In reality, almost every single facility has a need for arc flash and electrical safety – whether the company is a larger facility with building engineers overseeing distribution, or a smaller facility with maintenance staff working on or around floor or wall sockets. There is quite a large number of possible end users. As such, awareness is paramount. Not only about the requirements for use, but also about for how to choose the right rubber insulating equipment to protect workers and employers against injury, loss time, costly damage, legal liability, increased insurance premiums, and hefty regulatory fines.
While the best way to prevent arc incidents from happening is through engineering controls such as de-energizing equipment before beginning work, there are instances where turning off the power could create an even greater hazard. Therefore, employers and facility owners must establish safe practices to protect their workers against arc flash incidents including the use of PPE. The NFPA, along with the Occupational Safety and Health Administration (OSHA), mandates and enforces safer electrical work practices under the NFPA 70E standard. Numerous experts and training programs are available to provide guidance on how to keep workers safe and compliant in terms of conducting a proper arc flash hazard analysis. The results of the analysis will usually guide the property owner regarding the controls that should be in place (engineering, mechanical, human, or otherwise) and review the hazards of both arc flash and electrical shock. From there, proper PPE options ―such as arc-rated clothing ― can be determined. However, one topic that is often not discussed in detail is the need for rubber insulating gloves where a shock hazard exists from exposure to energized equipment.
Gloving Your Hands
Employees that work on electrically energized circuits and equipment use their hands, making them the most susceptible part of the body to electric shock. Arc-rated work gloves offer no shock protection, and most arc flash hazards have a shock flash hazard as well. Rubber insulating gloves (electrical gloves) are an essential element in protecting workers that are exposed to high-voltage currents. Shock protection is the primary benefit. However, electrical gloves also provide significant burn protection in the event of an arc flash. Electrical gloves are manufactured using proprietary materials and manufacturing processes with 100% testing to provide the highest possible level of protection. To be effective, electrical gloves must incorporate high dielectric and physical strength along with comfort, flexibility, and durability. To help ensure safety and performance, they should meet and/or exceed the requirements of ASTM D120 Standard Specification for Rubber Insulating Gloves.

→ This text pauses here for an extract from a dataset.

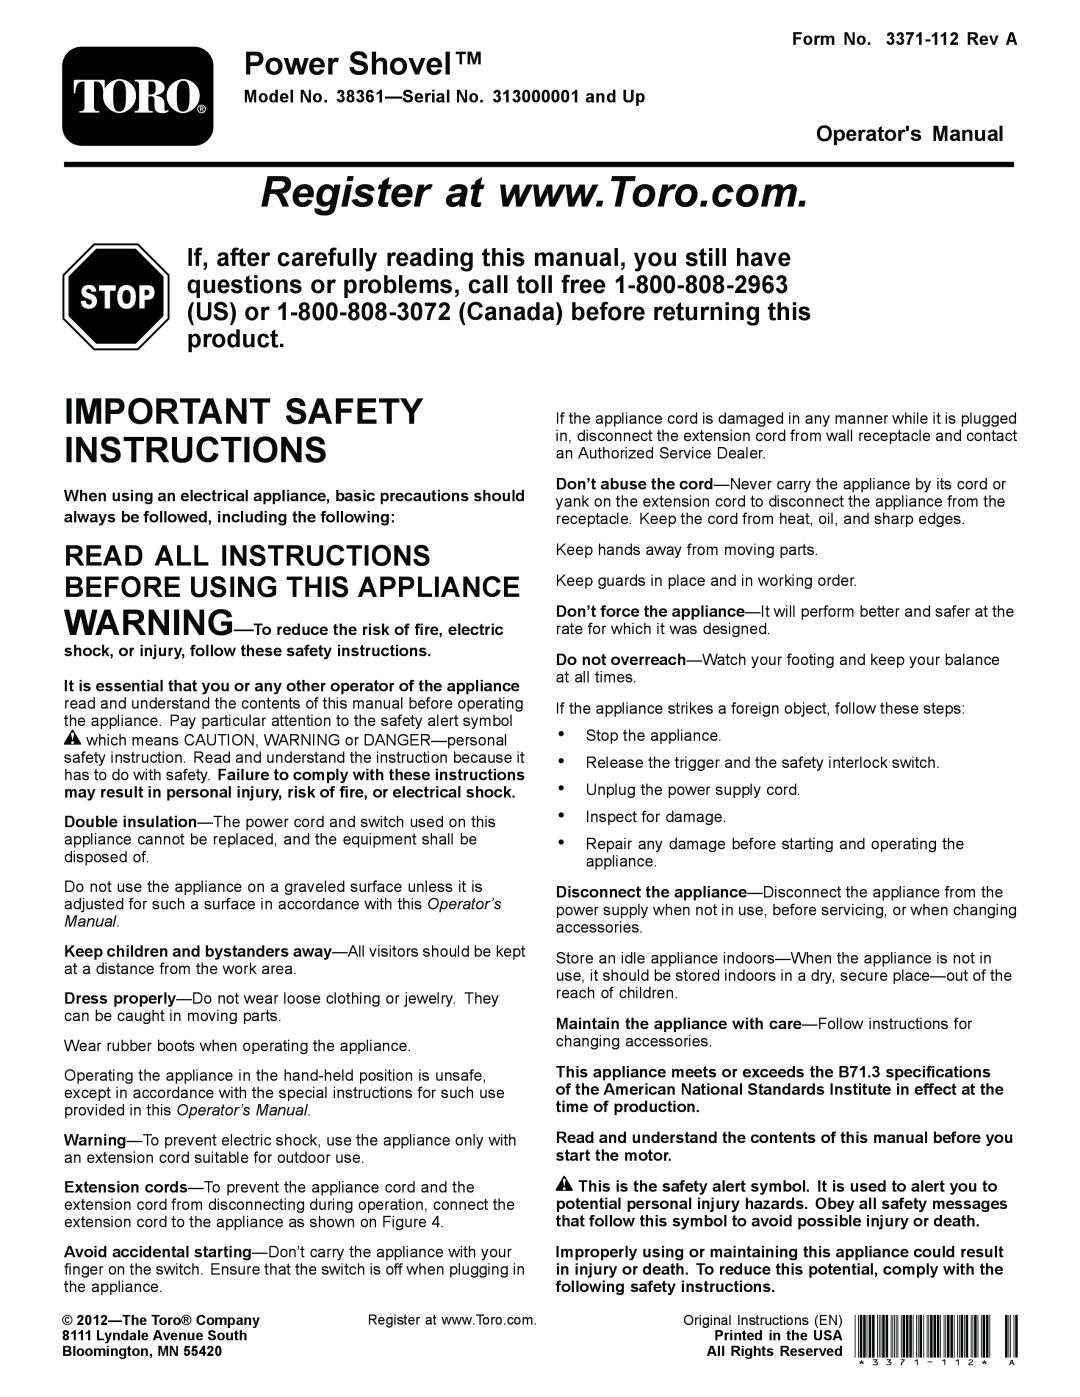 Toro 38361 important safety instructions Power Shovel, Important Safety Instructions, Operators Manual

OSHA rules and the NFPA 70E standard require the use of rubber insulating products when even the smallest probability of contact with 50 volts AC or higher exists. According to the OSHA 29 CFR 1910.137 standard, electrical gloves must be rated for the voltage to which a worker will be exposed (phase to ground or phase to phase) and marked to indicate their rating. For in-service use, the maximum-use voltage must be above the actual exposure, but it is important to take note of the proof-test voltage as well. Electrical gloves are offered in six different voltage rating “classes,” based on ASTM D120. All electrical gloves are tested by the manufacturer at the specified proof test voltage.
Manufacturers also perform a dielectric breakdown test at an even higher voltage to validate the dielectric strength of the rubber material. The result is a significant margin of safety between the proof-test voltages and the maximum-use voltage. Each specific hazard assessment will help you determine which class of electrical gloves is appropriate for your application.
Electrical gloves are categorized by the level of voltage protection they provide. Voltage protection is broken down into classes, and each class of gloves is clearly marked with the maximum-use voltage on the permanent color-coded label (see chart).
Take care to choose the right glove size, as proper fit will ensure the likeliness that the workers will wear the electrical gloves. Gloves that are too big or bulky can affect tactile sensitivity, while gloves that are too small can cause discomfort. ASTM D120 section 8.2 provides the measurements of the diameter of the palm for manufacturers, measured at the midpoint of the palm, plus or minus a ½ inch. Measure the hand by wrapping the tape all the way around the palm. This number would equate to the probable size of the glove to select. Personal preference for tightness and finger length will ultimately determine the size that the wearer will choose. Electrical gloves are typically manufactured in sizes 8-12, often in ½ sizes, and some manufacturers also offer gloves as small as size 7 and as large as size 13. In addition, electrical gloves are available in different cuff lengths of 11, 14, 16, and 18 inches depending on the glove class.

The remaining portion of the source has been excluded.